Oakland

Loose Threads Untangled

From Anne Garvey's exhibit Keep It Together.

Anne Garvey
Keep It Together: Reception
Manna Gallery
Oakland
Jan. 20, 2024

If you were to have driven past this particular block on 25th Street, just off Telegraph, on this unassuming, rainy weekend, you might not have clocked the steady crowd of art-goers passing through the maze of galleries hidden among the blocks of warehouses. If you’d ducked inside, you’d have found a brisk hive of foot traffic. It spoke to the creative activity that Oaklanders seemed hungry for on Saturday afternoon.

Tucked into a corner of these galleries is Oakland native Anne Garvey’s exhibit, Keep It Together, a series of paintings she has done of her earlier sculptures — a creative puzzle you’ll want to stop and unwrap. Or, at least try to.

A series of paintings by Anne Garvey for her exhibit, Keep It Together.

Garvey, whose art is focused on anxiety, trauma, and resilience,” originally created three-dimensional works from yarn, ribbon, and string wrapped around or among objects, along with torn and reassembled journal and calendar pages.
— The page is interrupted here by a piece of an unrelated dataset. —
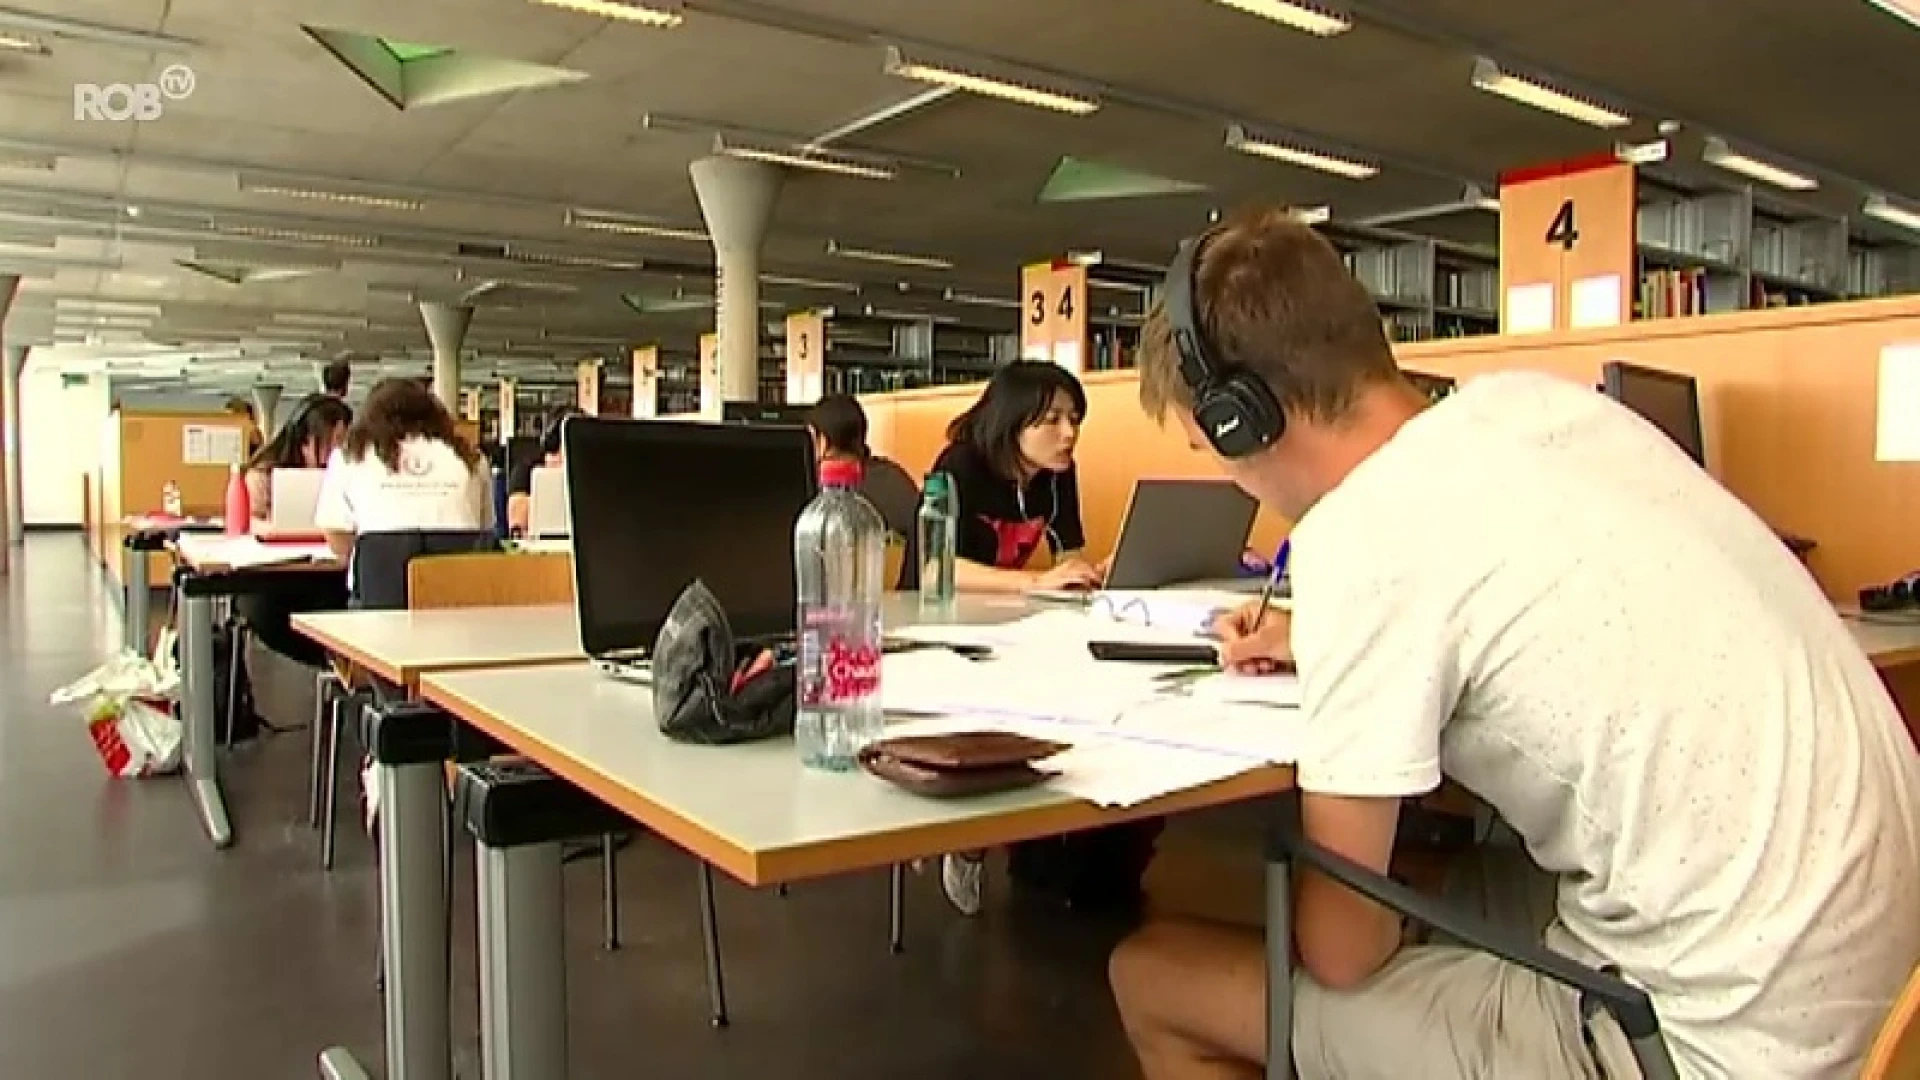 Kans bijzonder klein dat samen studeren in Leuvense bibliotheken zal lukken
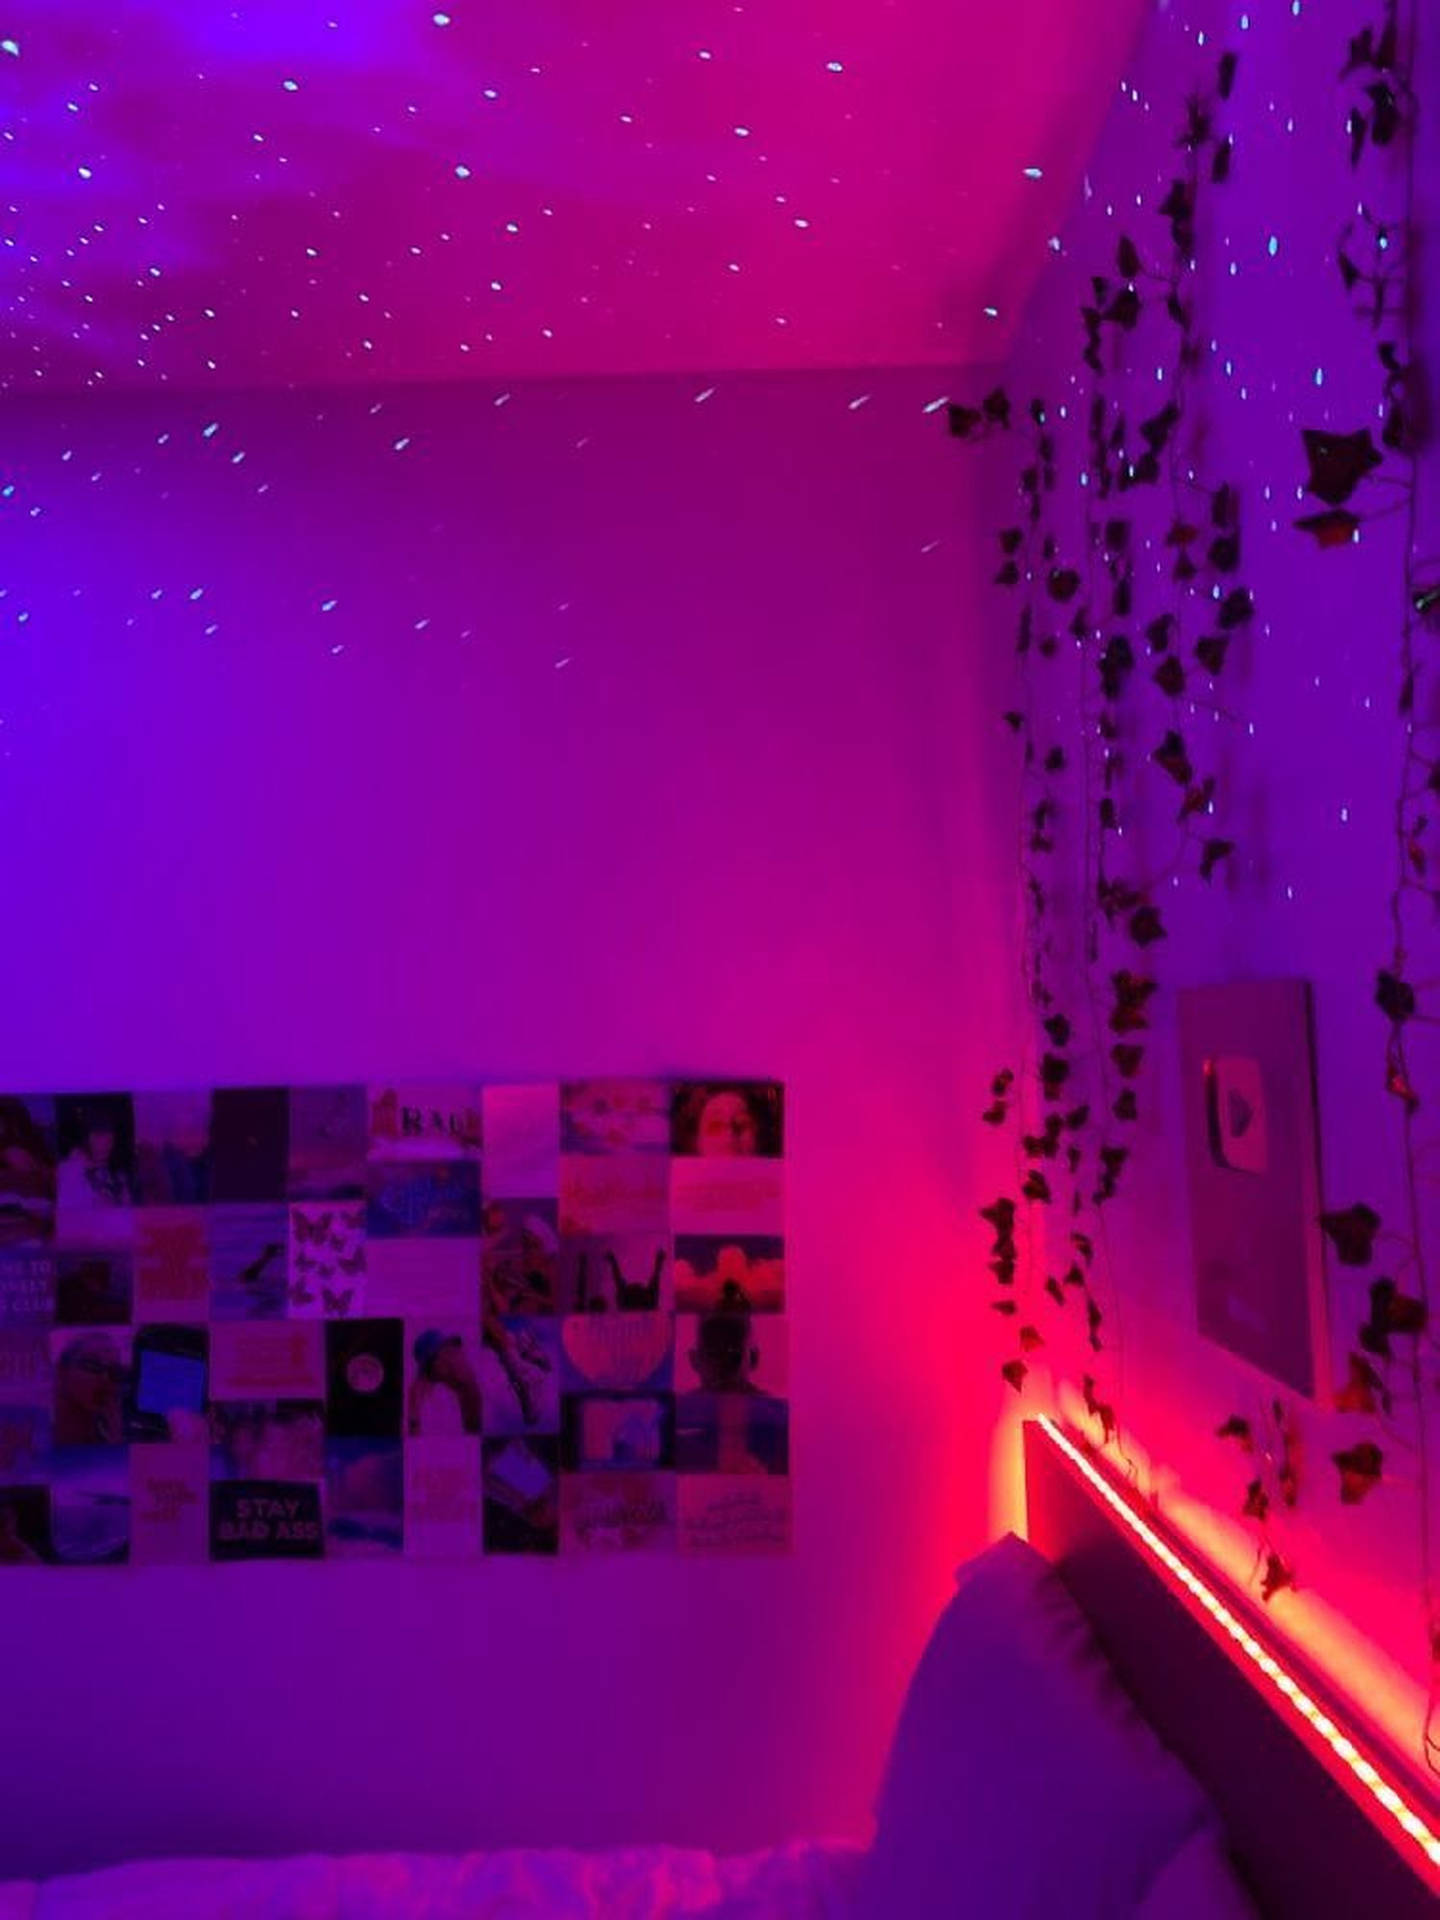 Pink Aesthetic Room Led Light Wallpaper

Then she created paintings of these works.

To create a two-dimensional perspective of a work with dimension and weight and gravity has the effect of a meta-meditation on art. Whereas, I imagine the sculptural works felt solid and somewhat substantial, the paintings of them feel as pliable and shifting as moods. They show yarn wrapped around and through legs, or barely perceptible strips of white ribbon, layered and bleeding into the cream of the canvas, or tangles of red ribbon hanging like seaweed against pastel backdrops. They evoke the pliability of art, the inscrutability of emotions that we use to wrap around or cover up people, things, lives, stories.

Garvey’s work gently pulls your gaze inward. You might wonder what the ribbons and lines and strings might be hiding, or wonder how they’re prone to tautness and slackness with every twist and tendril. Garvey says that her paintings are an exploration into the delicate balance between maintaining composure and navigating the emotions that define our shared human experience.” 

Even if the colors are light, wandering the small room, I felt loosely tethered to something somber and delicate, soft and silent. I felt driven to respect whatever was hidden, to leave what was tangled as it was, and to admire its fragility.

Garvey’s paintings seem to lead viewers like a string towards her aim of representing the self-reflective process… [and the] the possibilities for deeper, psychological connections.” She wants viewers to contemplate our shared struggles. In doing so, you might also find yourself untangling the particular threads you struggle with, as I did. Gazing on her work seemed to promote the cathartic work of my mind at untangling stray thoughts troubling me that day.

There’s another, larger painting with bolder colors; dark, black strips of cloth with thinner, more delineated strips in soft pinks and cream colors, centered against a layered backdrop of deep copper and gold. In my mind, it hints at the bold, erotic backgrounds by Gustav Klimt. But this is what’s left of the passion, what’s deconstructed into sparser, barren moods. It’s as if it offers a vision of the aftermath of a kiss.